Na prática, Bao Dai declarou uma “falsa independência”, que serviria apenas para formalizar o estabelecimento de um regime colaboracionista subserviente ao Japão. O Vietnã se tornaria um Estado-fantoche, administrado por Tran Trong Kim, o primeiro-ministro imposto pelos japoneses.

Em 1941, em meio às disputas travadas por franceses e japoneses, Ho Chi Minh retornou ao Vietnã. Ao lado de Vo Nguyen Giap, Truong Chinh e Pham Van Dong, o revolucionário vietnamita reorganizou o Partido Comunista e passou a articular um movimento autonomista armado.

O Viet Minh

Ainda em 1941, Ho Chi Minh fundou a “Liga para a Independência do Vietnã”, ou Viet Minh — um amplo movimento de libertação nacional que congregava partidos políticos de distintas orientações, grupos militares, organizações religiosas e outros setores da sociedade favoráveis à independência do Vietnã.

Conclamando simultaneamente a luta contra a colonização francesa e a ocupação japonesa, o Viet Minh amealhou amplo apoio popular, mobilizando milhares de camponeses e operários e boa parte da classe intelectual. A organização logo se consolidaria como a mais importante força de combate do movimento autonomista.

Para organizar a luta popular, o Viet Minh criou os Comitês Revolucionários e organizou as milícias responsáveis por travar a guerrilha contra os invasores. Ao mesmo tempo, a liga instituía um importante trabalho de base e iniciava uma campanha de conscientização política junto ao campesinato.

A estratégia foi particularmente bem sucedida ao norte do Vietnã, onde Ho Chi Minh conseguiu unificar o movimento insurrecional. Ao sul, onde os comunistas tinham um poder de articulação mais limitado, o levante autonomista se fragmentou, dividindo-se entre grupos como Cao Dai e o Hoa Hao.

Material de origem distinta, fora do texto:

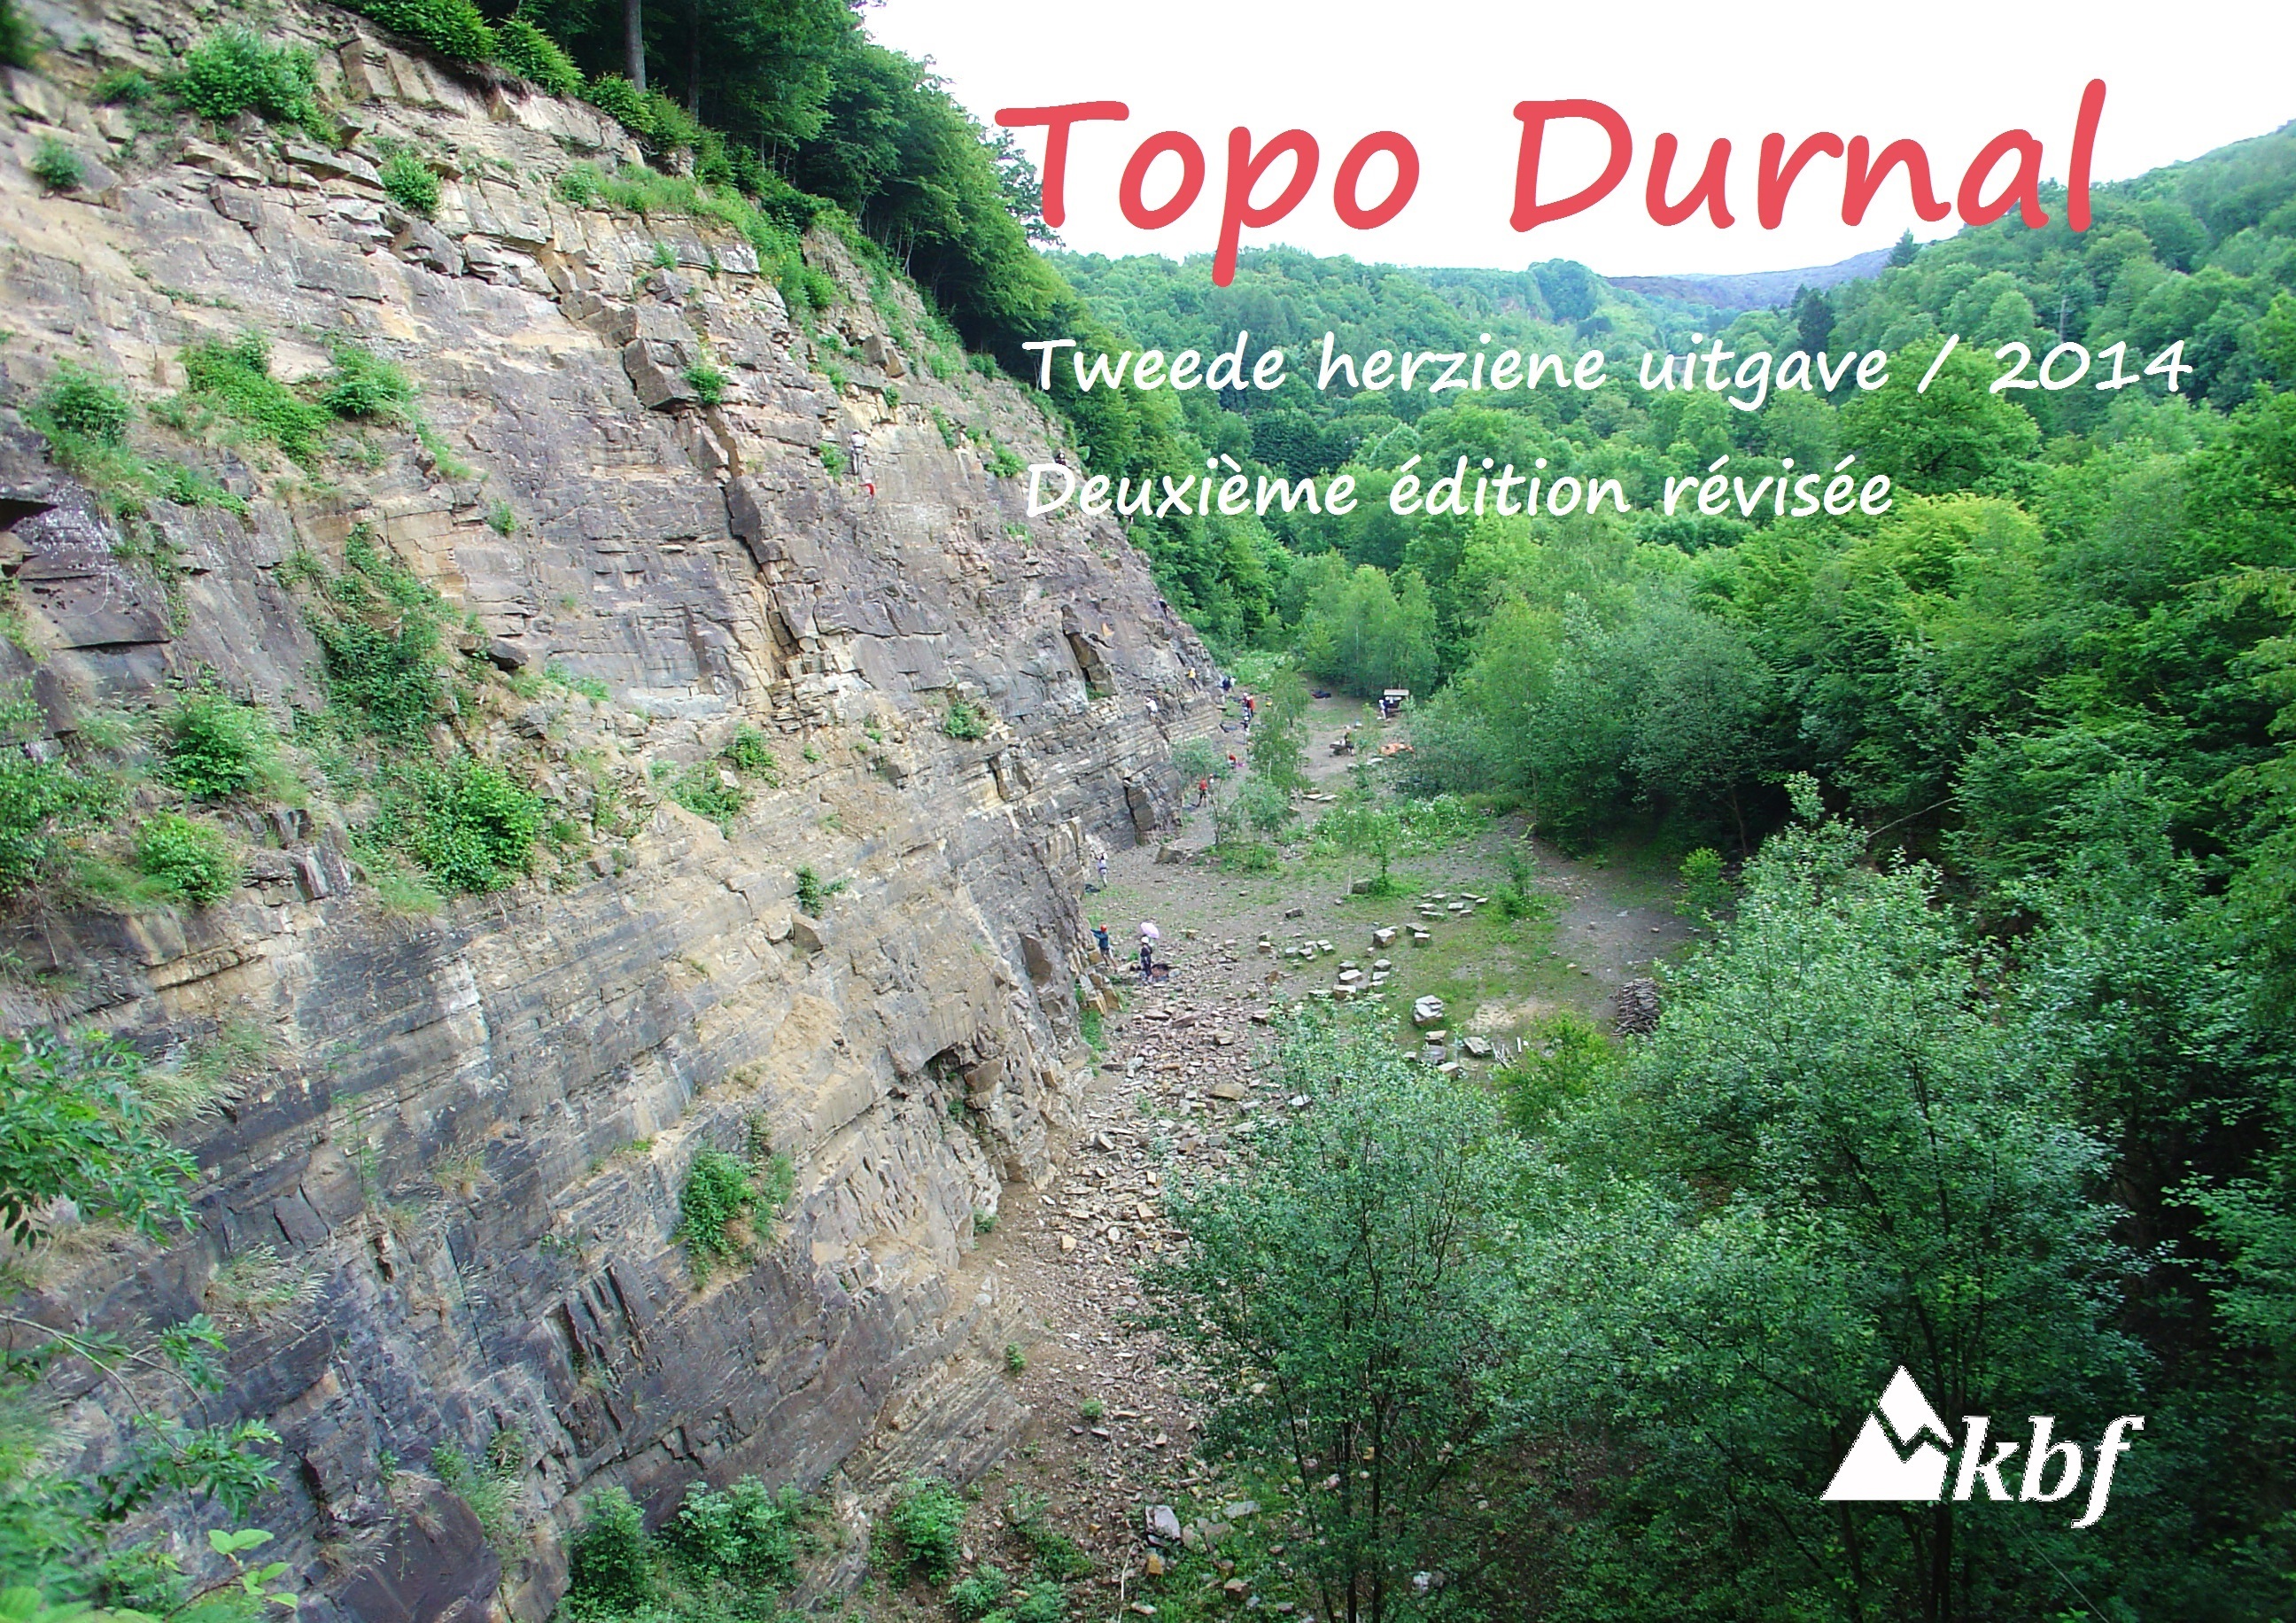 Topo Durnal editie 2014

Ho Chi Minh também teve de enfrentar forte oposição dos trotskistas — sobretudo a Oposição Esquerda de Outubro, liderada por Ho Huu Tuong e Phan Van Hum. O grupo rejeitava a Internacional Comunista e conclamava a esquerda vietnamita a rechaçar a liderança de Ho Chi Minh, a quem chamava de “estagiário de Moscou”.

A adesão popular ao Viet Minh também foi impulsionada pela devastação causada pela Grande Fome de 1945. O confisco sistemático da produção de arroz pelos japoneses e a conversão de terras agrícolas em áreas reservadas aos cultivos industriais causou uma escassez de alimentos, que foi agravada pelos fenômenos climáticos e pelas políticas coloniais francesas.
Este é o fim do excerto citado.